The presentation employs a Comparative Historical Analysis approach to 1) identify historical patterns of amalgamation reforms in Europe and to 2) provide a macro-causal explanation to make sense of continuities and discontinuities in these reforms. I unpack four key elements of time required to investigate municipal amalgamations in a comparative manner: a) the historical time of adoption (enactment); b) the sequencing of reforms across countries; c) the tempo of the reforms (fast or radical vs. slow or incremental); and d) the duration of the reform (implementation).

In this search for a macro-causal explanation for amalgamation reforms I highlight the different historical time of amalgamation reforms, with some taking place almost two centuries ago (Portugal, 1835), others early after WWII (e.g. Sweden, 1948-52), others much later (e.g., Greece, 1999; Georgia 2002-2006), more than once (e.g., Denmark, 1960s and 2004-05), or never (Spain). Next, I employ the elements of physical time – sequencing, tempo and duration – to uncover the complex causal processes and patterns that generated these territorial reforms.

 

António Tavares is associate professor w/ habilitation at the School of Economics and Management of the University of Minho in Braga, Portugal. He is also adjunct associate professor at the Operating Unit on Policy-Driven Electronic Governance of the United Nations University in Guimarães, Portugal. His research interests comprise topics in the fields of local government and urban politics, including territorial reforms, regional governance, service delivery, and political and civic engagement.
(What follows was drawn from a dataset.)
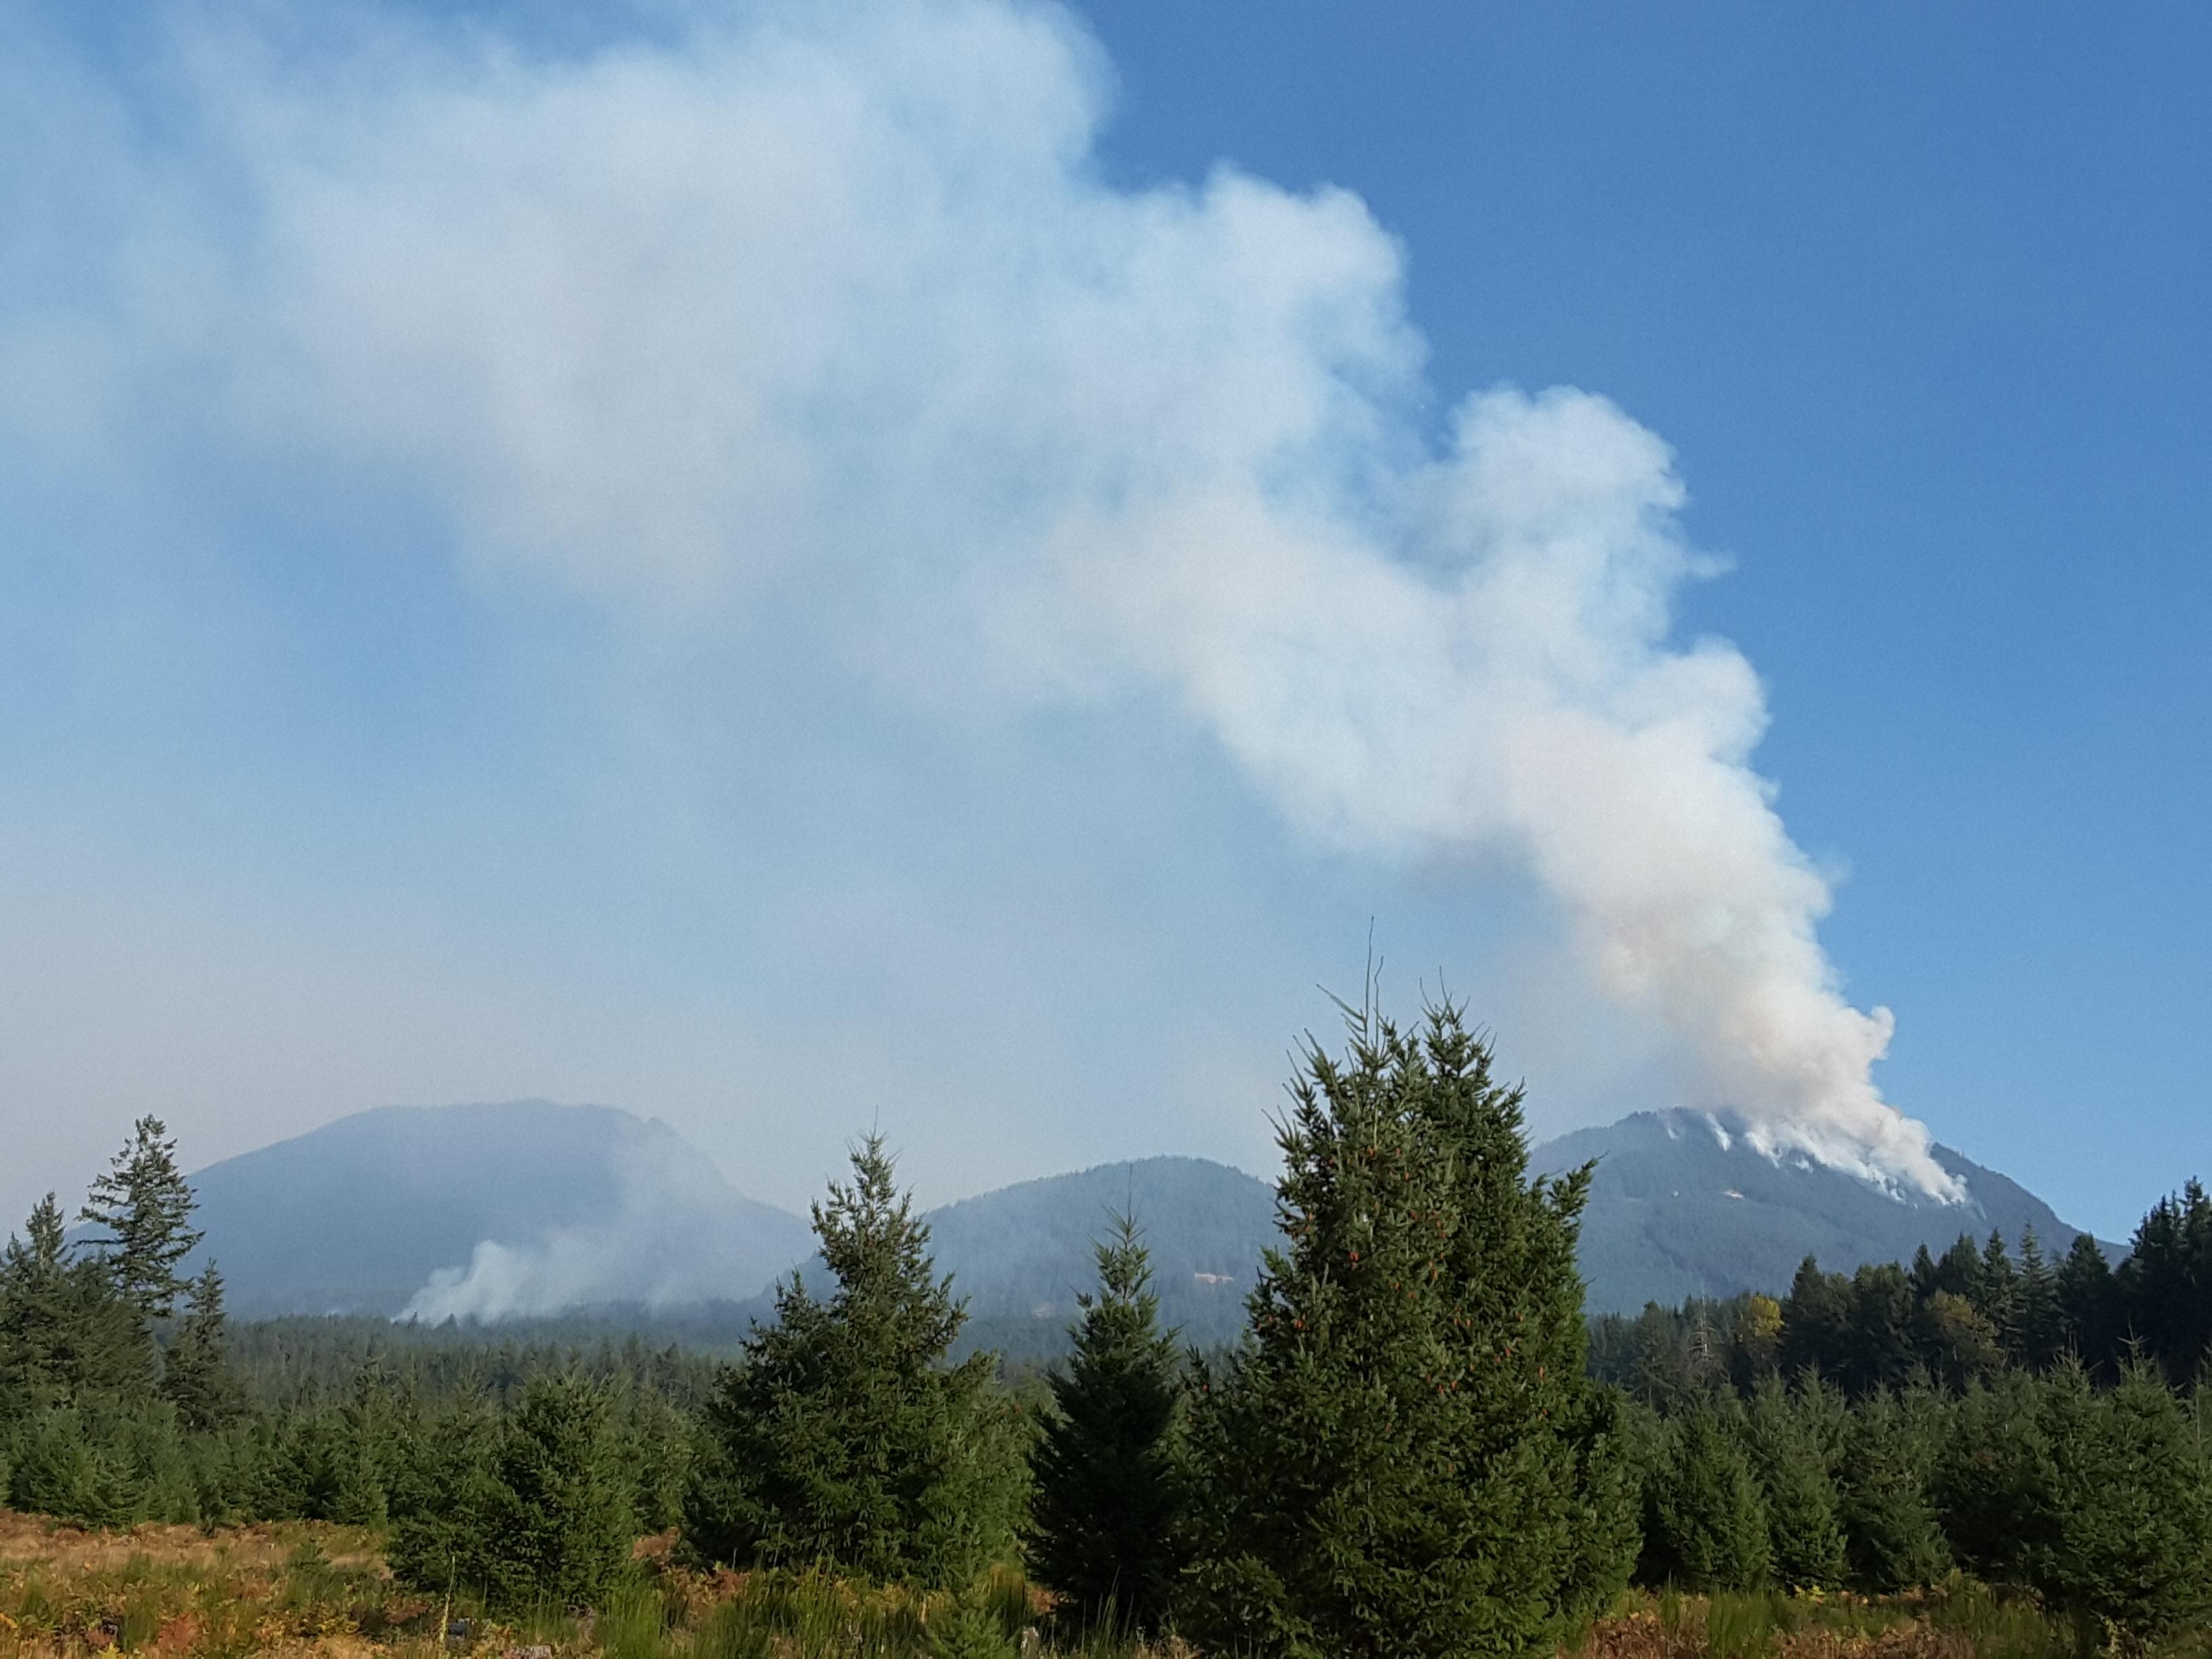 Smoke from the Goat Rocks Fire rises from a steep, forested slope near Three Peaks ridge on the right side of the photo. A lesser amount of smoke rises from the forest near the left side of the photo, in the Coal Creek drainage.

His research has been published in a wide range of journals in political science, public administration and urban studies. Between December 2013 and December 2019, he served as co-editor of the Urban Affairs Review, the journal affiliated with the Urban Politics Section of the American Political Science Association. He is the author of the book essay Administração Pública Portuguesa (2019, Fundação Francisco Manuel dos Santos).

Tavares received his Ph.D. in Public Administration from the Reubin O’D. Askew School of Public Administration and Policy at Florida State University. He holds a Masters in Public Administration from the University of Minho, Portugal, and a B.A. in Organizational Sociology from the University of Minho, Portugal. He teaches Local Government, Theories of the Policy Process, and Public Policy Analysis and Evaluation and is involved in professional training for upper level civil servants in the fields of public policy and administration.